[Opening Provided data section]

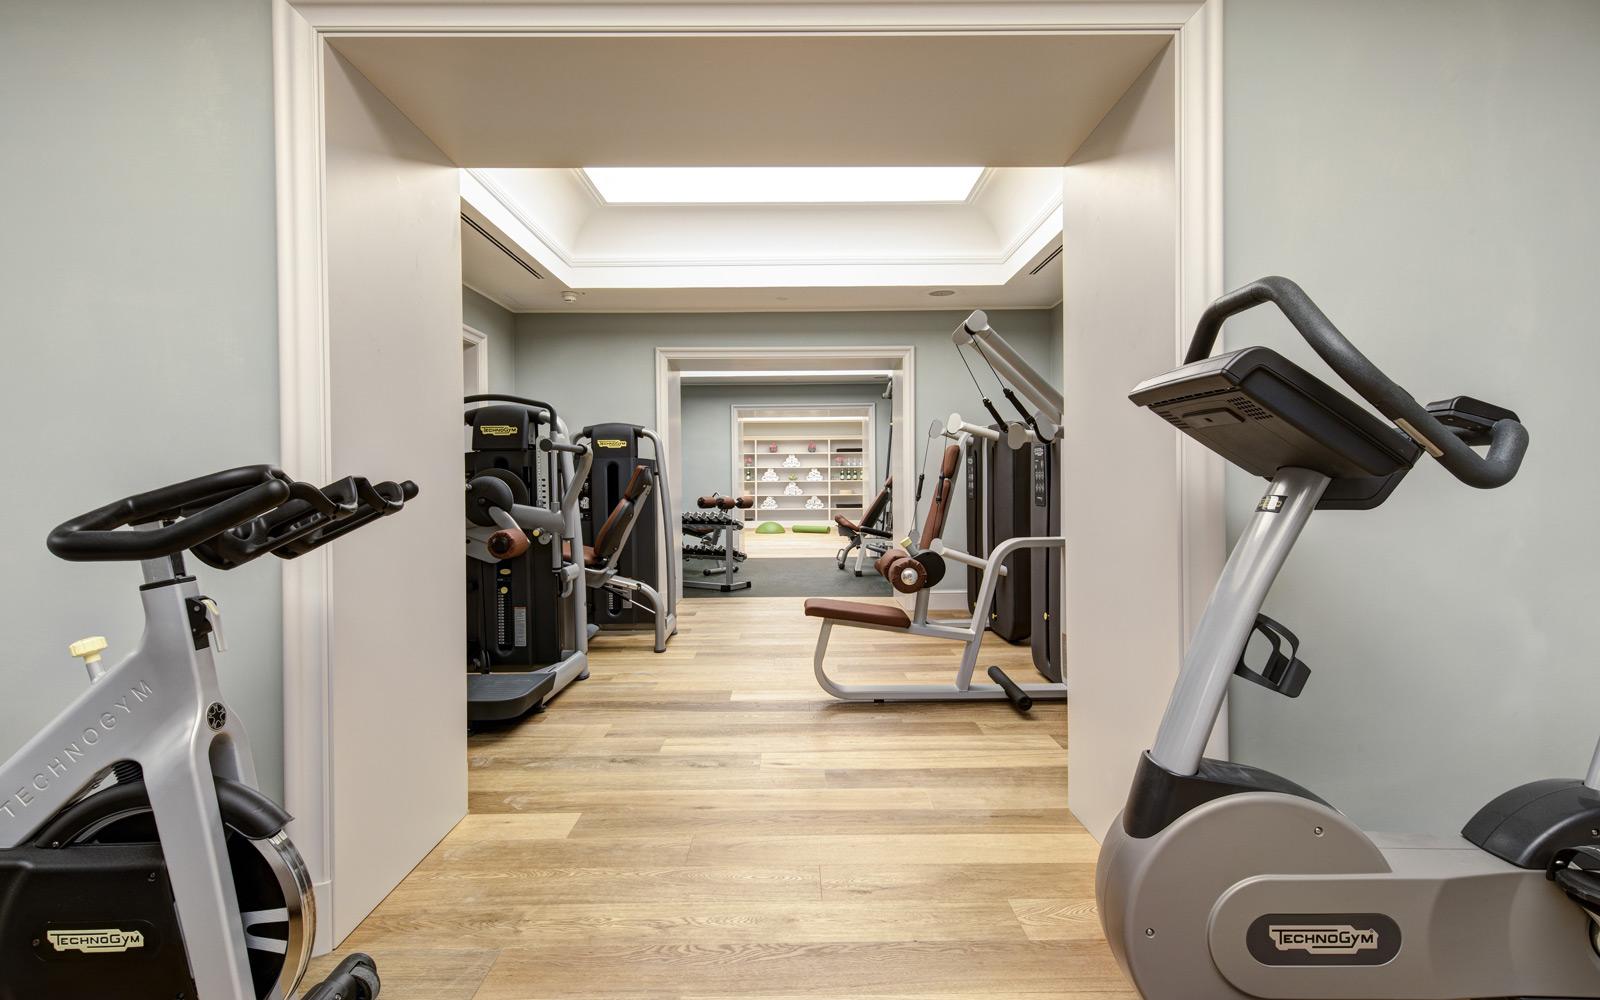 Hotel Savoy Gym
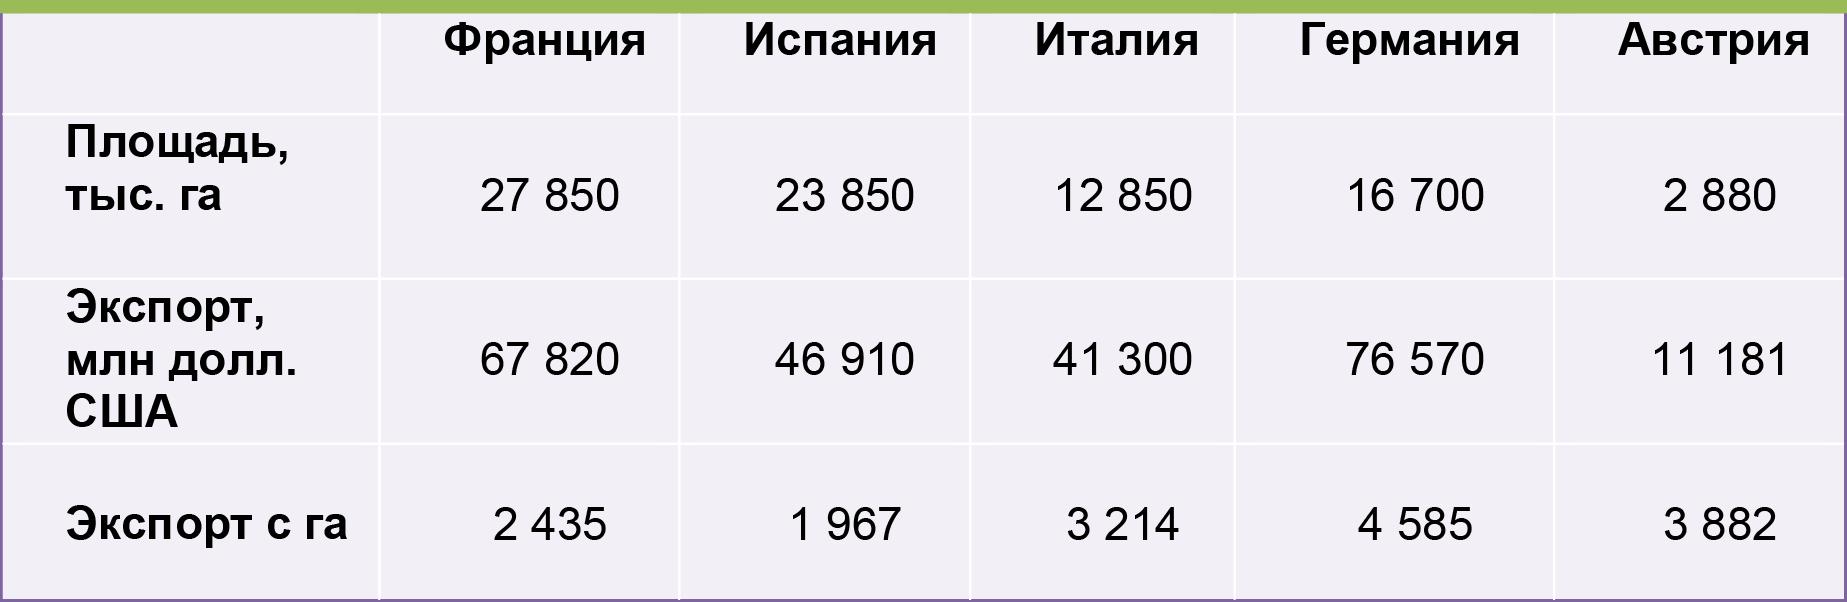 Экспорт сельскохозяйственной продукции и продовольственных товаров, Западная Европа, 2015
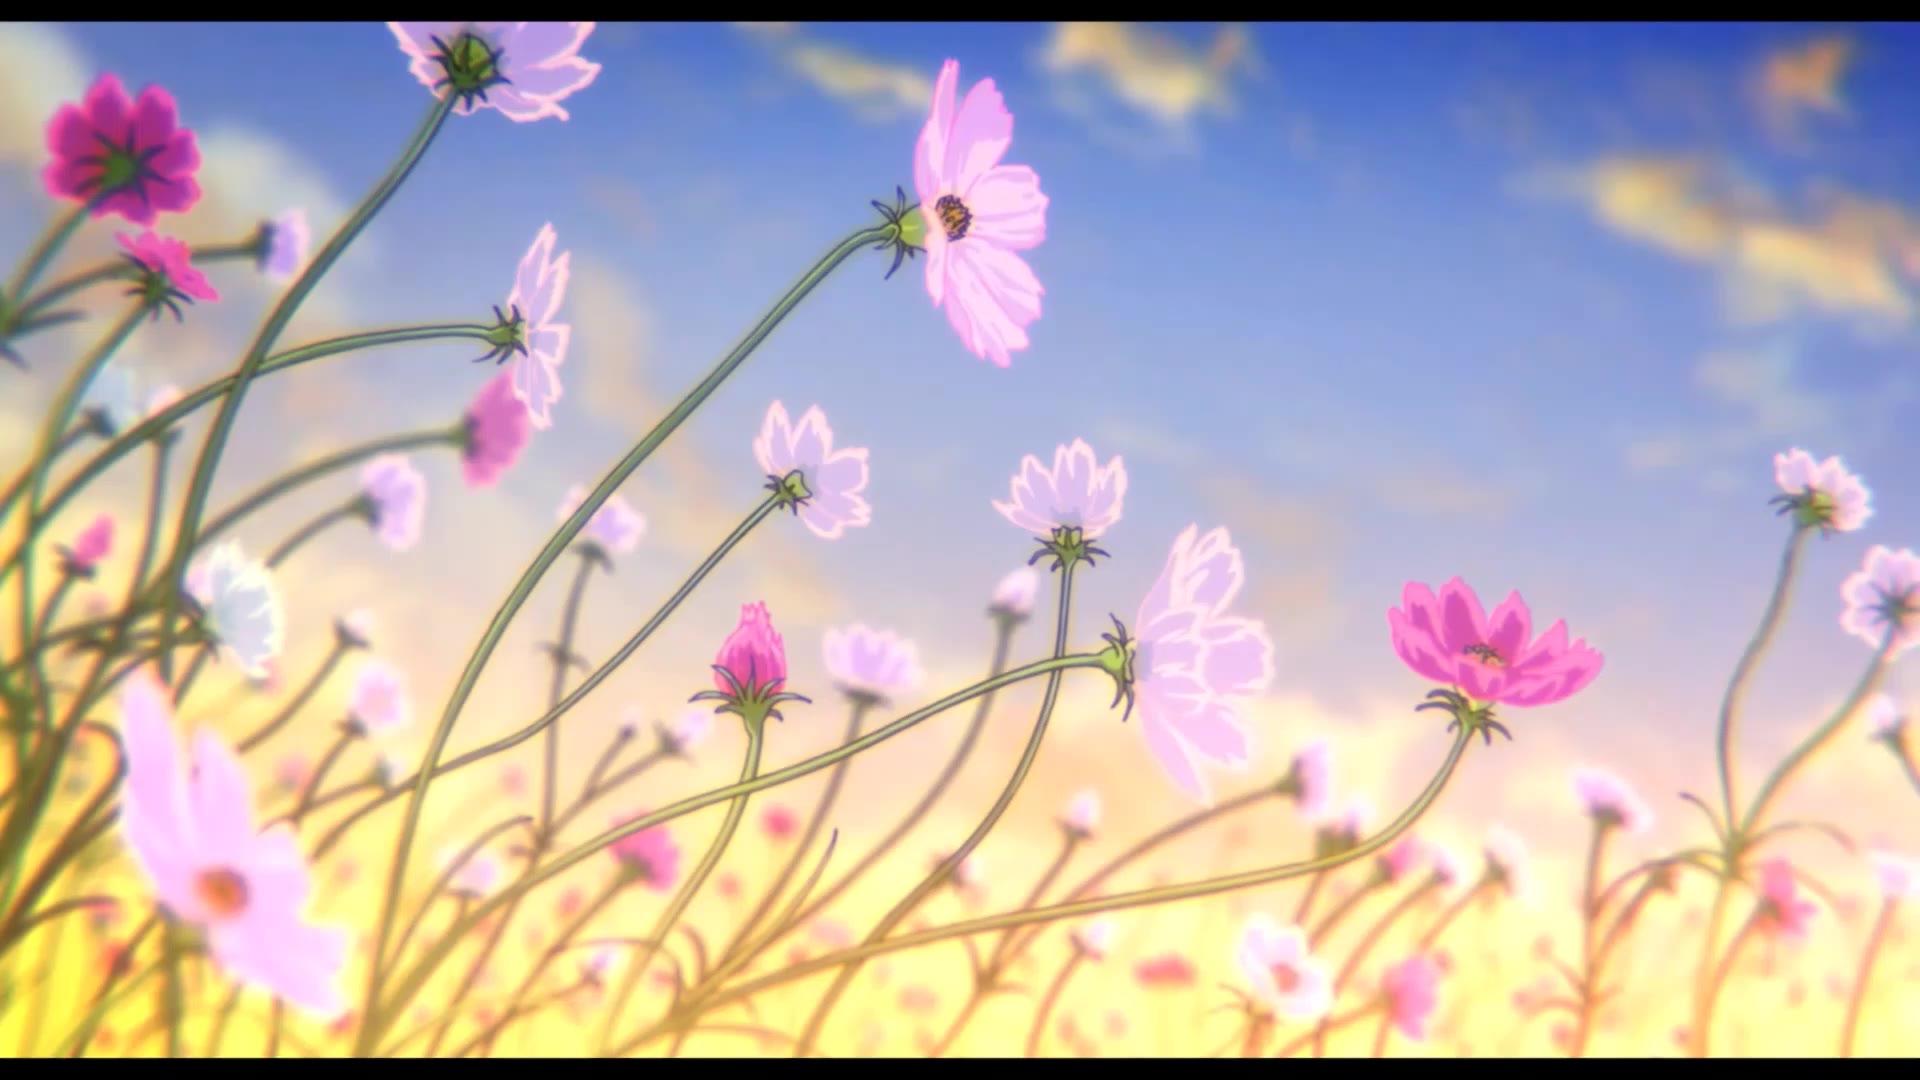 【出道616】【然倉桃果】late in autumn

[Closing Provided data section]

# [What is being asked]
In this exercise, set down all of the data exactly, without the pictures.

# [Exercise solution]
 Hotel Savoy Gym
 Экспорт сельскохозяйственной продукции и продовольственных товаров, Западная Европа, 2015
 【出道616】【然倉桃果】late in autumn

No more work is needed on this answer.